> Data supplied
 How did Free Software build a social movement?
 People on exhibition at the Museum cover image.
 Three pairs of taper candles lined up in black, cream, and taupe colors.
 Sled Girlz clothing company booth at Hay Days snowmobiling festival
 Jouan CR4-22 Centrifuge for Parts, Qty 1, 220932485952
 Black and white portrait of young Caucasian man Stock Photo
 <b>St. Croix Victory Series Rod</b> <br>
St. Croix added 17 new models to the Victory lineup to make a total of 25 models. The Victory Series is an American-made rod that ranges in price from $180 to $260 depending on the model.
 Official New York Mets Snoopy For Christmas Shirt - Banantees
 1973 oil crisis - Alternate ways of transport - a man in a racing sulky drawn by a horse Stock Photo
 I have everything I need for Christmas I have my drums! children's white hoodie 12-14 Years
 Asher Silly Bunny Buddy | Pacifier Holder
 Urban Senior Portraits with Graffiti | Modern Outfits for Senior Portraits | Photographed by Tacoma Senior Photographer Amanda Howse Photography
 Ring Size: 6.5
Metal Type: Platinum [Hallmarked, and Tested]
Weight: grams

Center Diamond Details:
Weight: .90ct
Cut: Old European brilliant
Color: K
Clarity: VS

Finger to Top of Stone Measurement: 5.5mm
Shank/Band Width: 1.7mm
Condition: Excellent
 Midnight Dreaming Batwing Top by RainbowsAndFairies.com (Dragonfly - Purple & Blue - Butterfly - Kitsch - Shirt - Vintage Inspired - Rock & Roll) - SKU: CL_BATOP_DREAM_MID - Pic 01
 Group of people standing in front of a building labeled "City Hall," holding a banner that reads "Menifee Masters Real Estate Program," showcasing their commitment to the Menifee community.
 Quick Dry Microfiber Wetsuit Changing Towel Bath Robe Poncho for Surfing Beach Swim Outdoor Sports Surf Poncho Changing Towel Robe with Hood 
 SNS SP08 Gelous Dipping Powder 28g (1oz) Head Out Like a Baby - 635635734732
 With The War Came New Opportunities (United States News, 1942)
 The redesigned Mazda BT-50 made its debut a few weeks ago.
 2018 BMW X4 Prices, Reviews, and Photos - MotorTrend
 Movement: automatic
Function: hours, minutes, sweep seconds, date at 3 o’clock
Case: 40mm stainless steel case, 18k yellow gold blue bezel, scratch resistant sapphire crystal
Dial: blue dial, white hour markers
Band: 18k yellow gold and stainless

> Work order
Please repeat the records so that each one reads exactly as it does above.

> Answer to this problem
 How did Free Software build a social movement?
 People on exhibition at the Museum cover image.
 Three pairs of taper candles lined up in black, cream, and taupe colors.
 Sled Girlz clothing company booth at Hay Days snowmobiling festival
 Jouan CR4-22 Centrifuge for Parts, Qty 1, 220932485952
 Black and white portrait of young Caucasian man Stock Photo
 <b>St. Croix Victory Series Rod</b> <br>
St. Croix added 17 new models to the Victory lineup to make a total of 25 models. The Victory Series is an American-made rod that ranges in price from $180 to $260 depending on the model.
 Official New York Mets Snoopy For Christmas Shirt - Banantees
 1973 oil crisis - Alternate ways of transport - a man in a racing sulky drawn by a horse Stock Photo
 I have everything I need for Christmas I have my drums! children's white hoodie 12-14 Years
 Asher Silly Bunny Buddy | Pacifier Holder
 Urban Senior Portraits with Graffiti | Modern Outfits for Senior Portraits | Photographed by Tacoma Senior Photographer Amanda Howse Photography
 Ring Size: 6.5
Metal Type: Platinum [Hallmarked, and Tested]
Weight: grams

Center Diamond Details:
Weight: .90ct
Cut: Old European brilliant
Color: K
Clarity: VS

Finger to Top of Stone Measurement: 5.5mm
Shank/Band Width: 1.7mm
Condition: Excellent
 Midnight Dreaming Batwing Top by RainbowsAndFairies.com (Dragonfly - Purple & Blue - Butterfly - Kitsch - Shirt - Vintage Inspired - Rock & Roll) - SKU: CL_BATOP_DREAM_MID - Pic 01
 Group of people standing in front of a building labeled "City Hall," holding a banner that reads "Menifee Masters Real Estate Program," showcasing their commitment to the Menifee community.
 Quick Dry Microfiber Wetsuit Changing Towel Bath Robe Poncho for Surfing Beach Swim Outdoor Sports Surf Poncho Changing Towel Robe with Hood 
 SNS SP08 Gelous Dipping Powder 28g (1oz) Head Out Like a Baby - 635635734732
 With The War Came New Opportunities (United States News, 1942)
 The redesigned Mazda BT-50 made its debut a few weeks ago.
 2018 BMW X4 Prices, Reviews, and Photos - MotorTrend
 Movement: automatic
Function: hours, minutes, sweep seconds, date at 3 o’clock
Case: 40mm stainless steel case, 18k yellow gold blue bezel, scratch resistant sapphire crystal
Dial: blue dial, white hour markers
Band: 18k yellow gold and stainless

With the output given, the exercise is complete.